This weekend’s recommendations feature low effort-high impact dishes, an animated underwater plastic world, a ballet dancer-turned-photographer, a rare glimpse into the life of Belgian fashion designer Martin Margiela and a sustainable moisturizer made from melon.
Colin Jones: The End of Photography
Colin Jones is one of Britain’s greatest and most unusual photographers. Born in 1936 into a working-class family in London’s East End, he had a talent for dance and trained professionally with the English National Ballet before making his first foray into documentary photography. After a trip to the Philippines, where he performed as a dancer, Jones witnessed a shanty town being burned to the ground. This experience impacted him so profoundly that he traded his dancing costume for a camera. Since then, he has been documenting history, capturing the Vietnam War alongside Magnum photographers such as Don McCullen and Ian Berry.
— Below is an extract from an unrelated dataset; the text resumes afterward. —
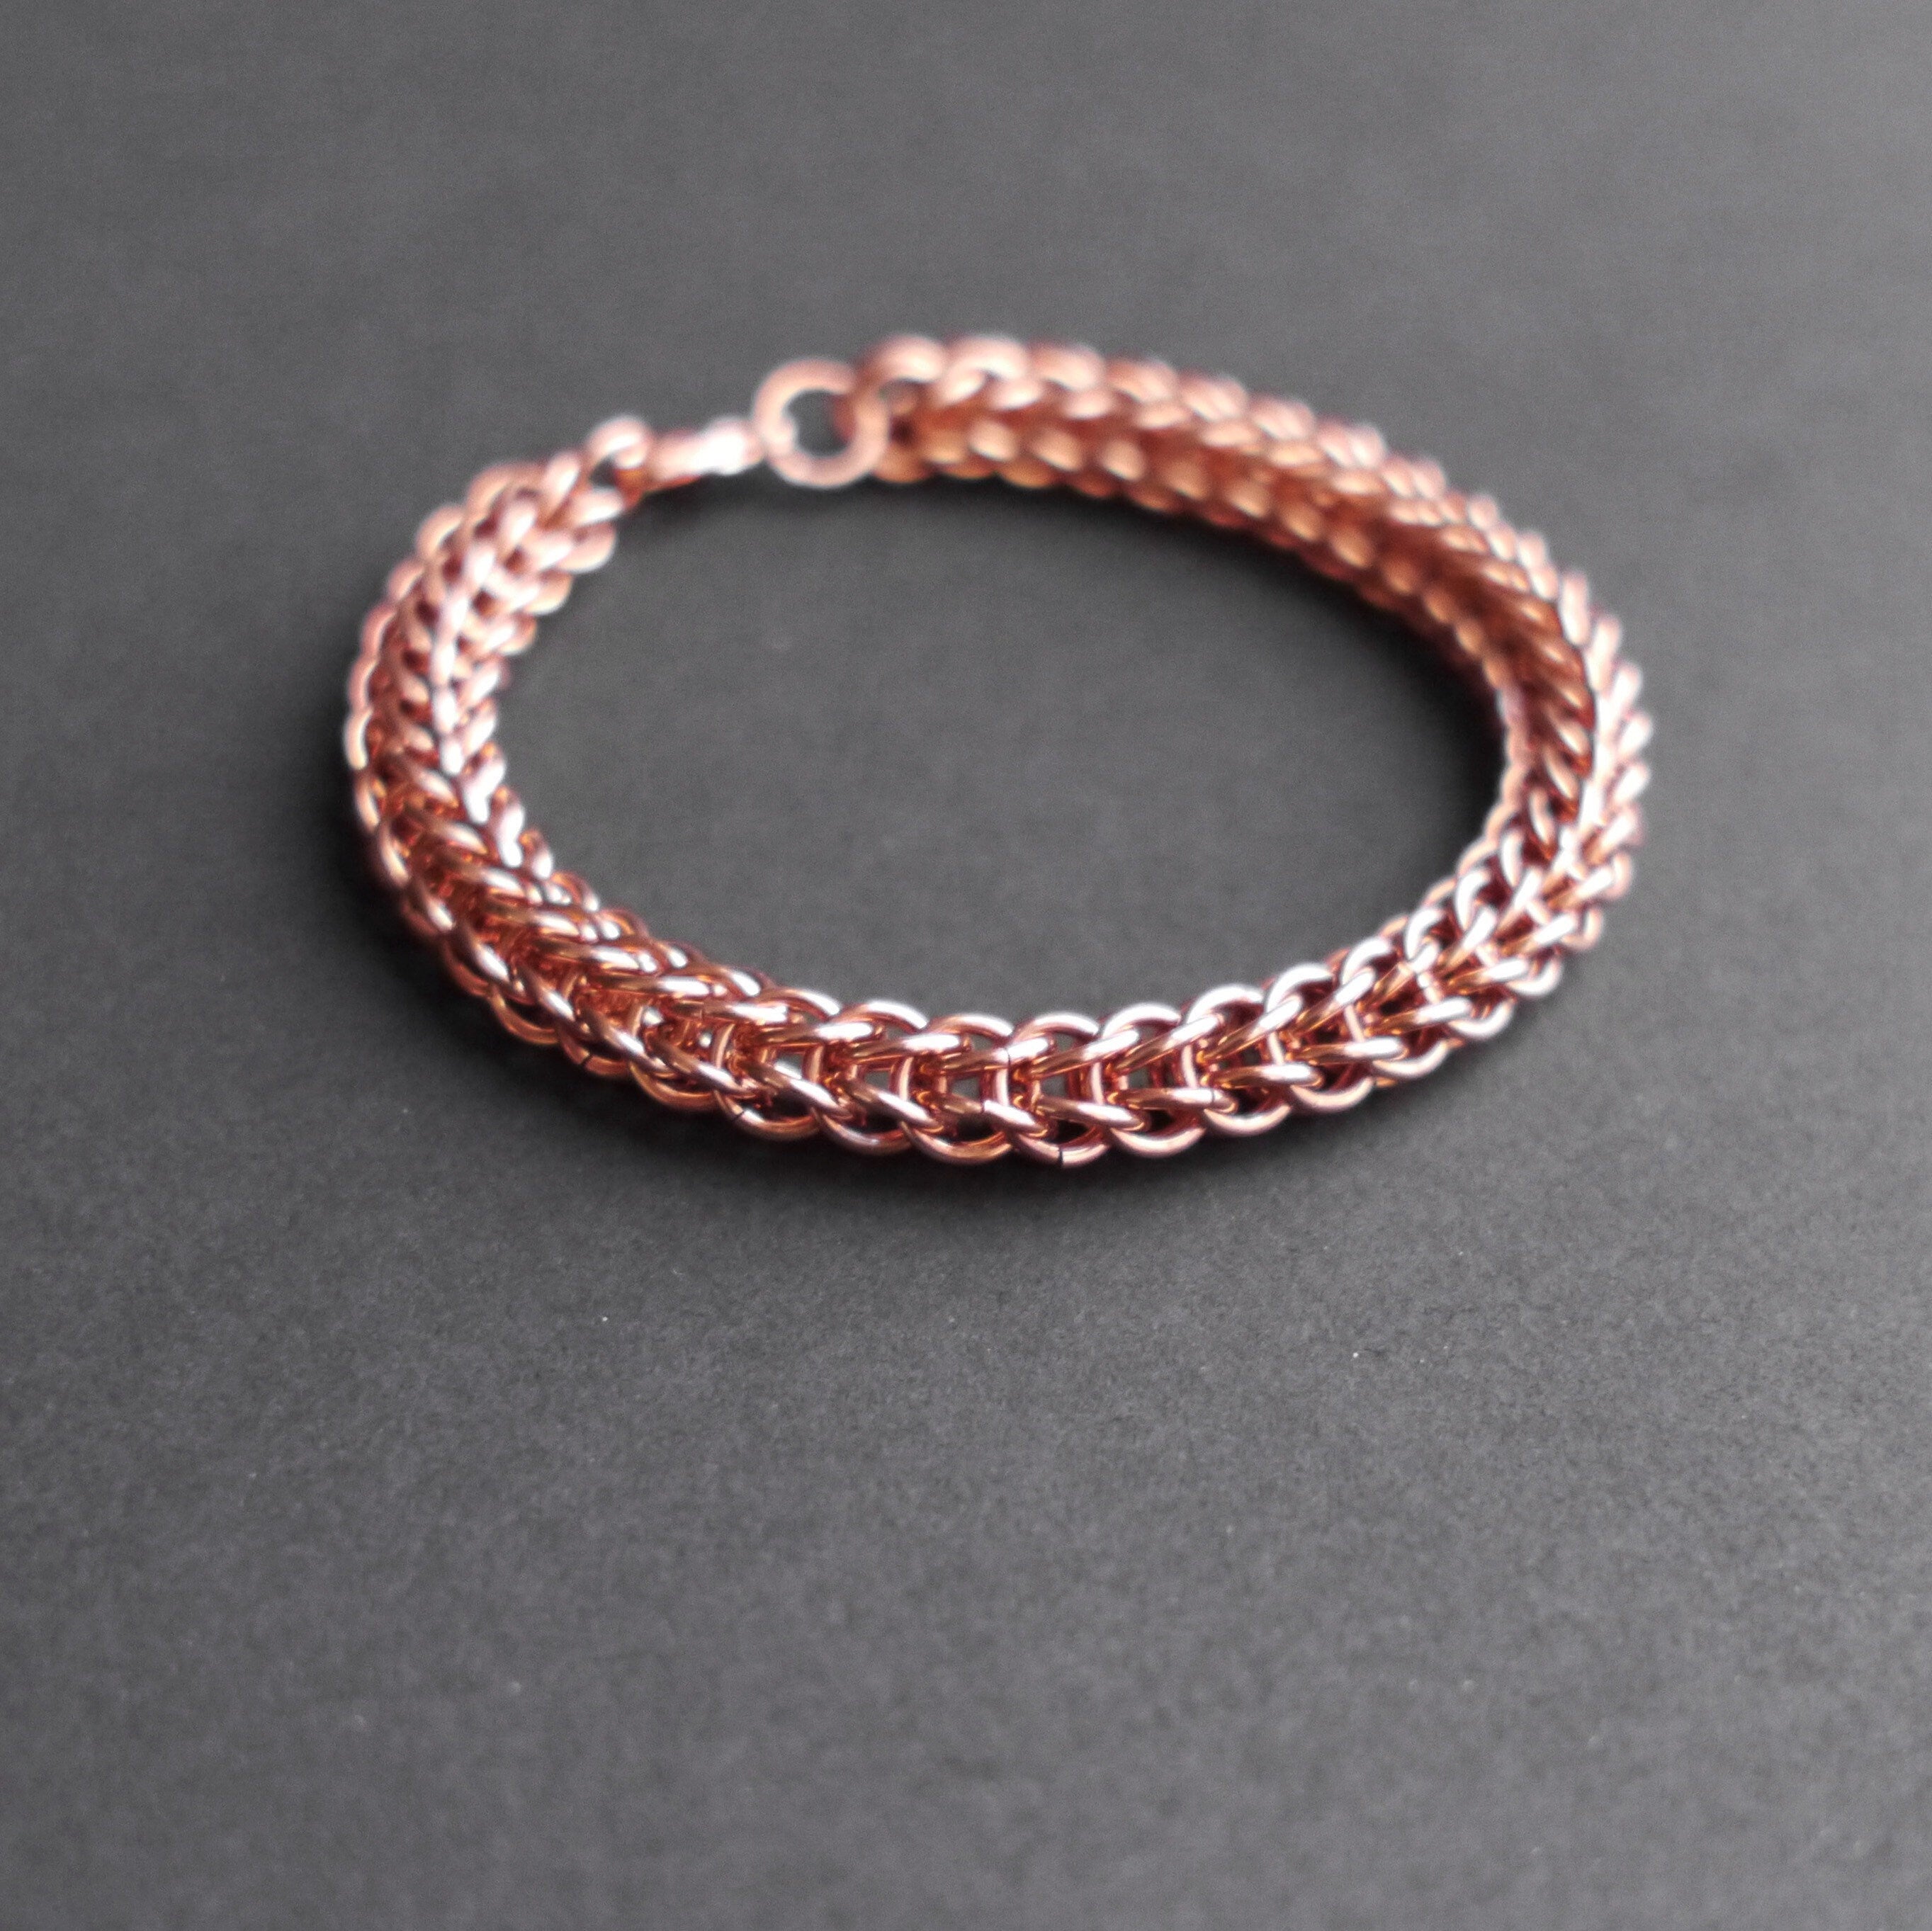 Copper small link chain bracelet | Bracelets by Debbie Long

Jones went on photographing social history all over the globe, He captured gangs in Jamaica, documented the sex trade of the Philippines, and shot photographs of British rock band The Who. Today, he is retired and it has become quiet around him. In the short film Colin Jones: The End of Photography, the London based filmmaker Frankie Carradona pays tribute to this exceptional photographer.
New Flavours For the Relaxed Cook
From Aubergine Dumplings alla Parmigiana to Hasselback Beetroot with Lime Leaf Butter, to Spicy Mushroom Lasagne and Romano Pepper Schnitzels: According to Yotam Ottolenghi, his new plant-based recipes transform ordinary vegetables into innovative dishes thanks to newly tested and tasted ingredient combinations. The assembly promises “simple recipes for weeknights, low effort-high impact dishes, and standout meals for the relaxed cook.” Besides its recipes, coffee table appeal, and colorful photography, the reader also learns about how different cooking processes can enhance vegetables, unlocking layer after layer of flavor. Page by page, Ottolenghi reveals the secrets of Processing, Pairing, and Producing. In the section “Flavour’s 20 Ingredients,” he provides a list of accessible ingredients that will elevate even the easiest meals.
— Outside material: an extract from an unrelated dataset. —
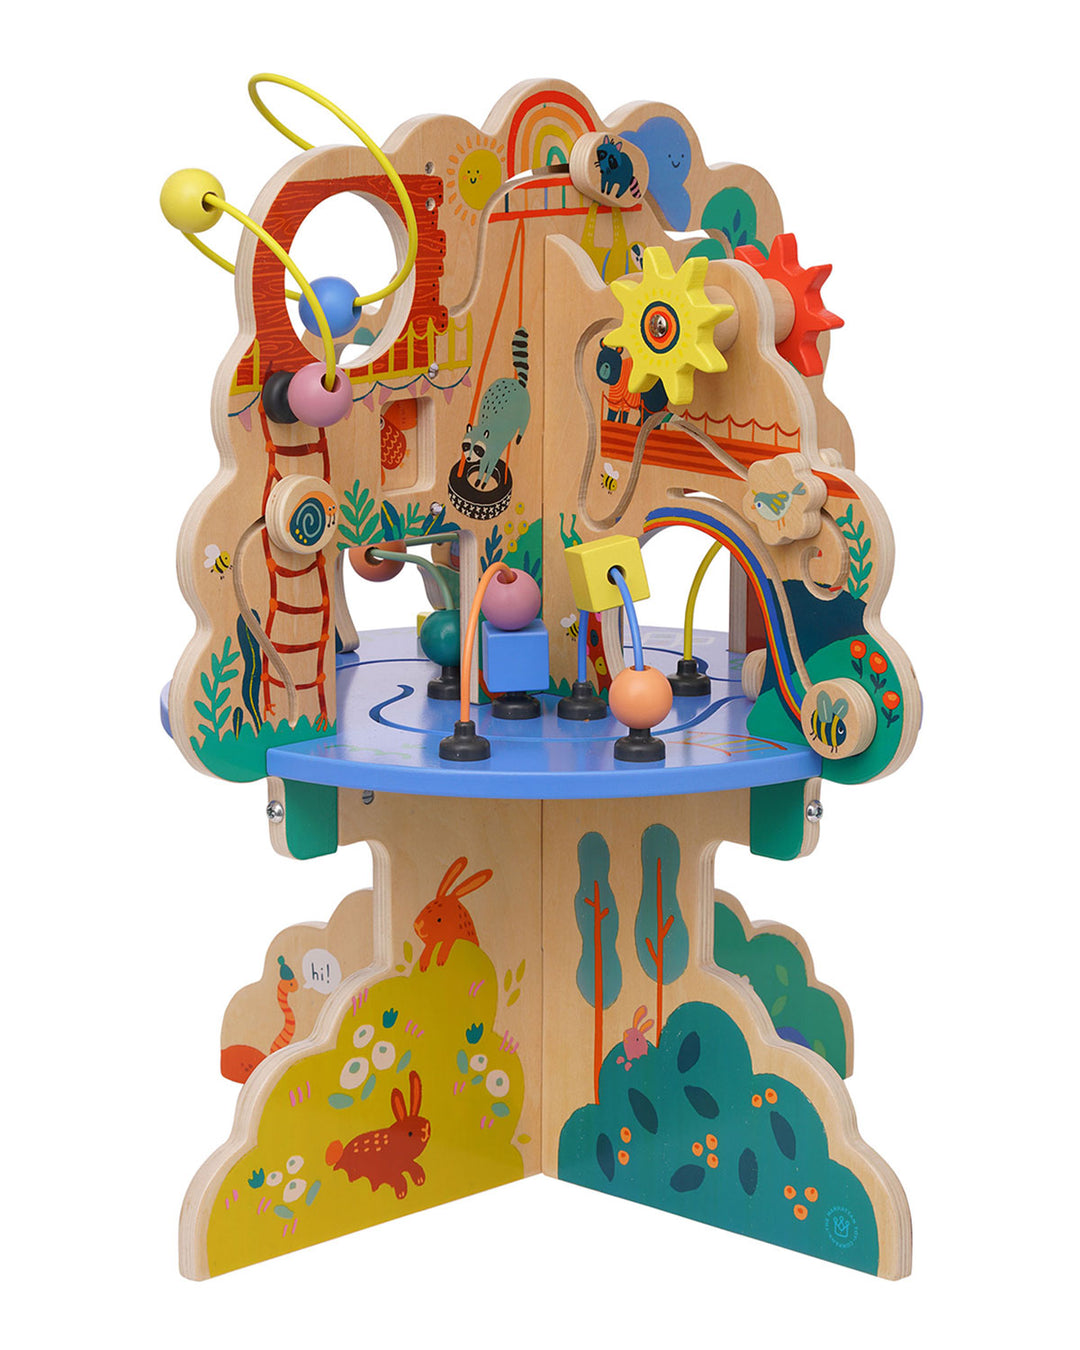 Manhattan Toy Playground Adventure Wooden Activity Center

Student Oscar for Animated Short Film “The Beauty”
“The Beauty” shows an underwater world filled with plastic garbage: German Pascal Schelbli has now received the student Oscar by the renowned Academy of Arts and Science for the animated short film he realized as a final thesis at the Baden-Württemberg Film Academy. In the four-minute film, he poses the question: “What would happen if plastic could be integrated into life in the sea? The answer is a visually stunning underwater world with whales made of plastic bottles, pufferfish skin of bubble wrap, and moray eels out of tire rubber. The film will soon be available to watch in full length.
Martin Margiela: “In His Own Words”
Most people think of fashion designers almost immediately as flamboyant extroverts who love to bathe in the flurry of camera flashes letting the world know: Here I am! Not so Martin Margiela. Who is the mysterious courtier always hiding in the background? The filmmaker Reiner Holzemer has succeeded in winning Martin Margiela for a documentary film. As the title already suggests, Margiela himself is the narrator of “In His Own Words.” His face never shows; only his hands appear on the screen. Margiela’s work often was described as mischievous, skeptical, postmodern, and chic. “I knew I could give more if I felt protected,” he says.
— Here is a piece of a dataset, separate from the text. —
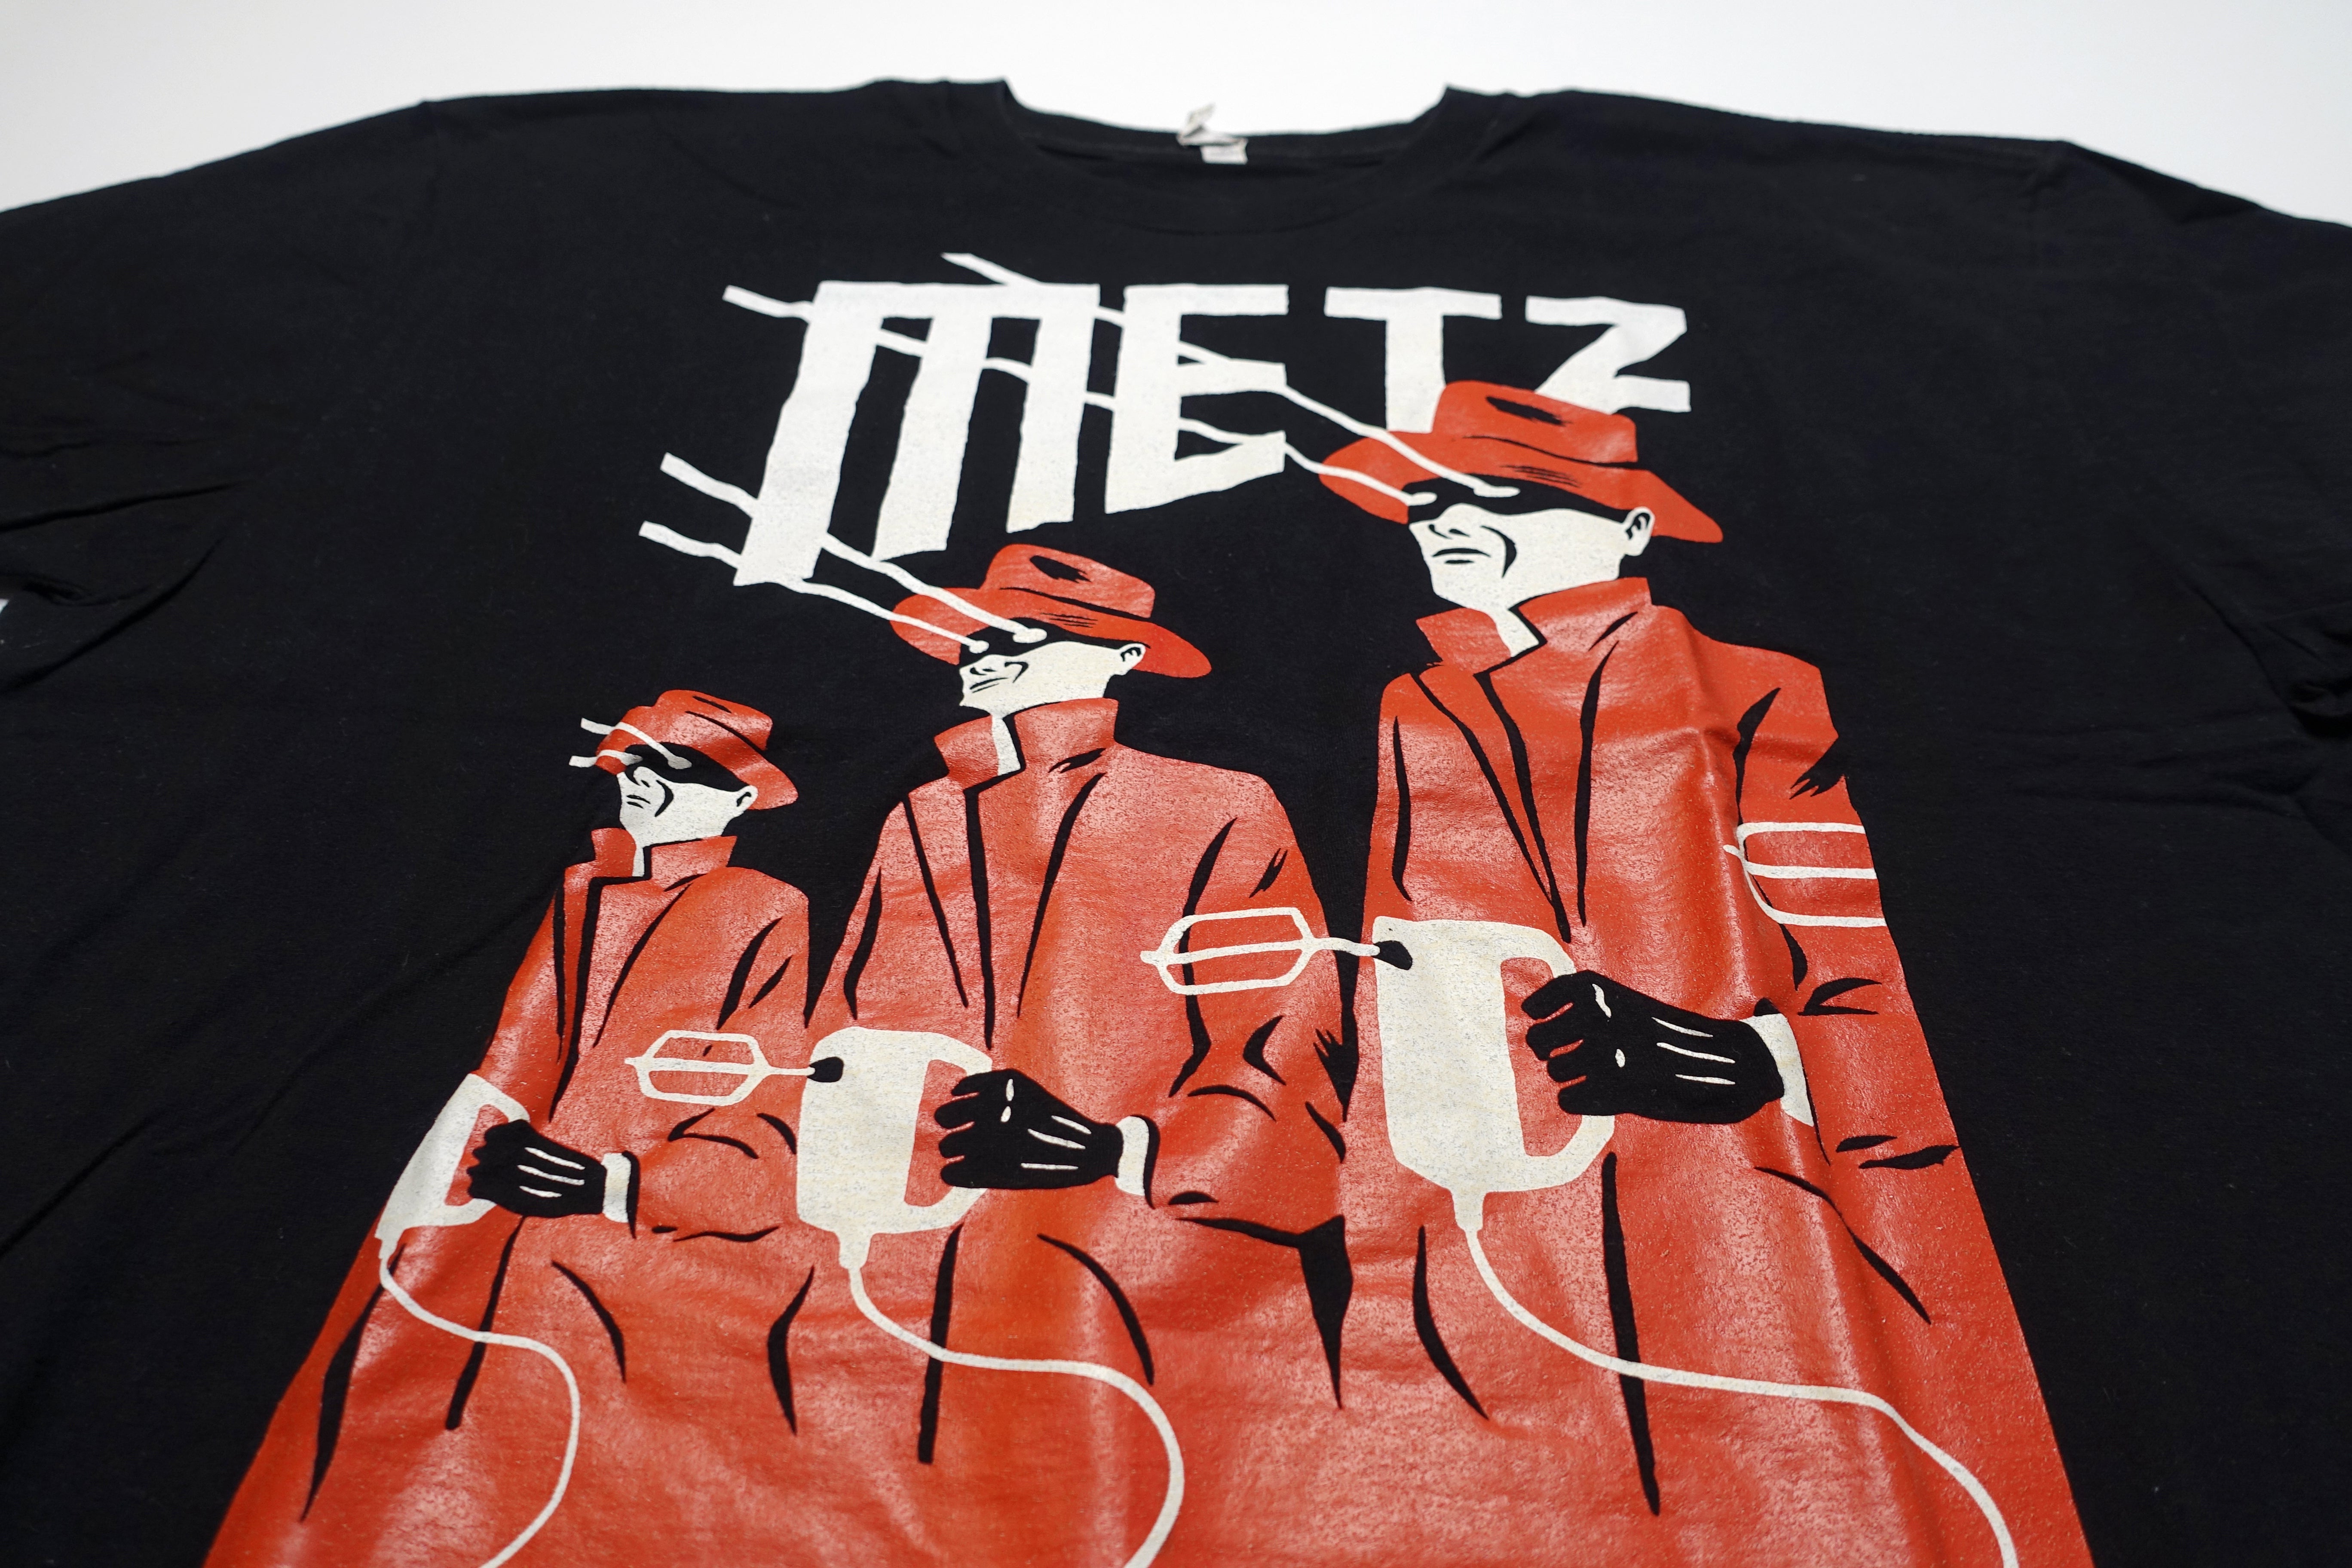 METZ - Igor 2012 Tour Shirt Size XL

Nêô Sephiri: A Natural Moisturizer Made From Melon
On a farm in the North West Province of South Africa, the sustainable beauty brand Nêô Sephiri produces natural Kalahari Melon Facial Oil. It possesses a combination of two crucial components, essential fatty acids, and vitamin E. According to Nêô Sephiri, “this produces a nourishing oil that deeply hydrates the skin, providing it with the essential nutrients it needs to repair and protect your skin barrier.” The brand was founded in 2020 based on a sustainability intervention, following the worst drought in 80 years that hit the farm and the Kalahari Basin communities. Once an agricultural heartland, most crops withered away, forcing farmers to scale down their land significantly. However, one plant continued to grow and flourish in the arid climate, the Kalahari Melon, indigenous to the region, and granted a worthless weed initially by local farmers. After harvest, the watermelons are split open, and their seeds are collected, which are dried out in the African sun until there’s almost no moisture left in them – only a rich, golden-colored oil.
All recommendations are based on the editor’s personal taste and do not contain affiliate links of any kind.